Kiva Systems Co-Founder: Drone Delivery Could Be As Low As 20 Cents Per Package
Hallie Siegel writes A year ago, Amazon announced its plans for Prime Air — a drone delivery service. Recently Amazon has been posting job ads, saying they are looking for drone pilots. Whatever the regulatory issues, is drone delivery financially feasible? ETH Zurich professor Raffaello D'Andrea thinks it is economically feasible to deliver small packages by drone. D'Andrea is responsible for the Flying Machine Arena ("a space where flying robots live and learn") and is co-founder of Kiva Systems, the company acquired by Amazon for $775 million in cash that innovated the robotic fulfillment system that Amazon is now implementing in many of its warehouse facilities.

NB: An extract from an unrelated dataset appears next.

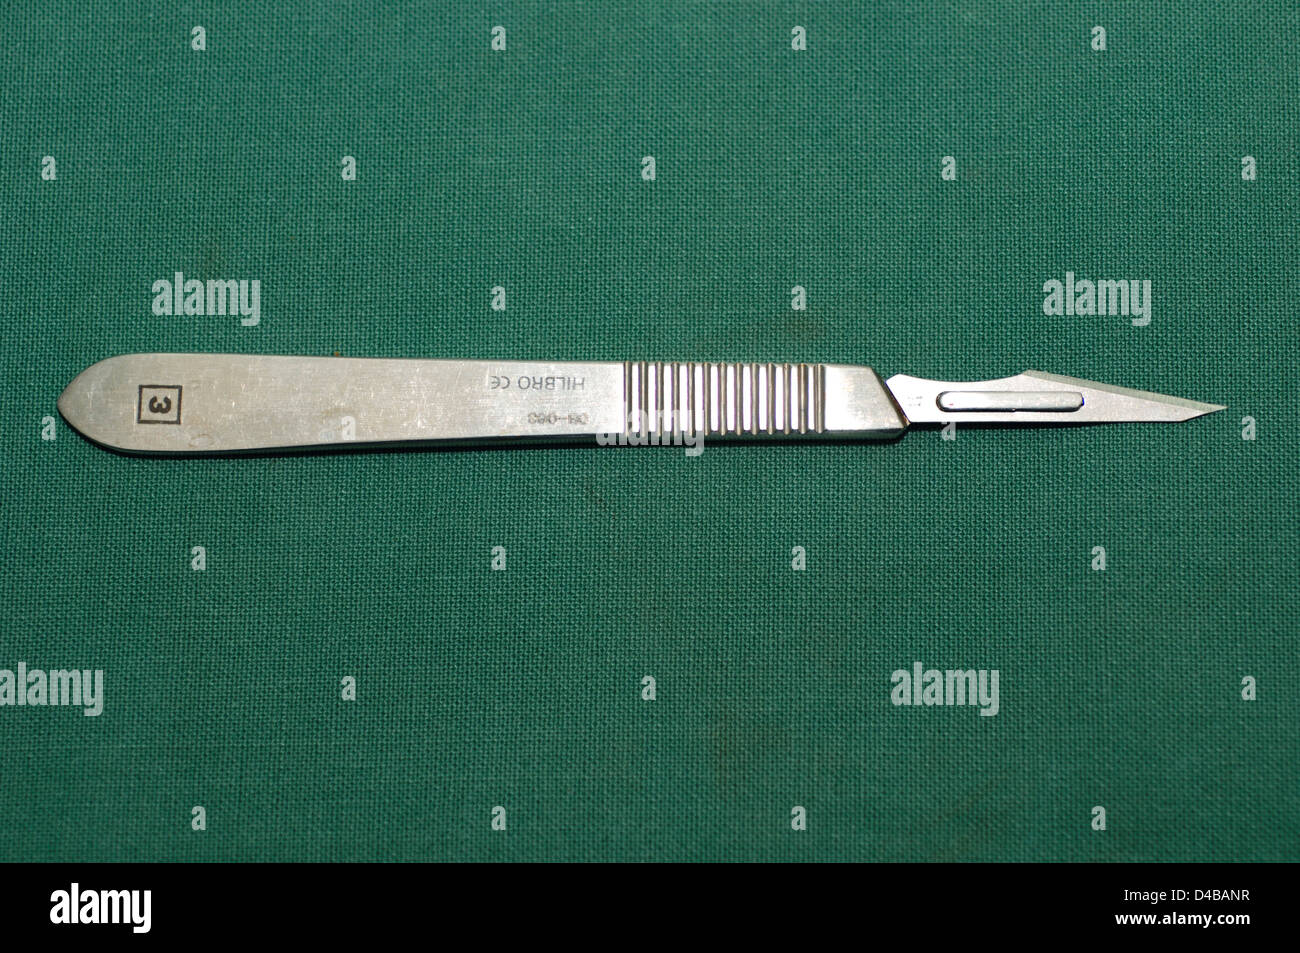 A No 3 surgical scalpel is a small but extremely sharp knife used for surgery and anatomical dissection. Stock Photo

People often forget that the air space over your property to like 300 feet is the property owners and they can and have had people arrested for trespassing for their drones being in their airspace. This has already been to many a court case over air rights. The FAA doesn't even if made legal to fly have the right to say you can fly in a private properties airspace. It would be interesting to see how many nets people put up to their max air space if people start flying drones with valuable stuff over their property. The FAA has ZERO say over your air rights and it varies by state as to how high they go. So they would pretty much be limited to following the roads.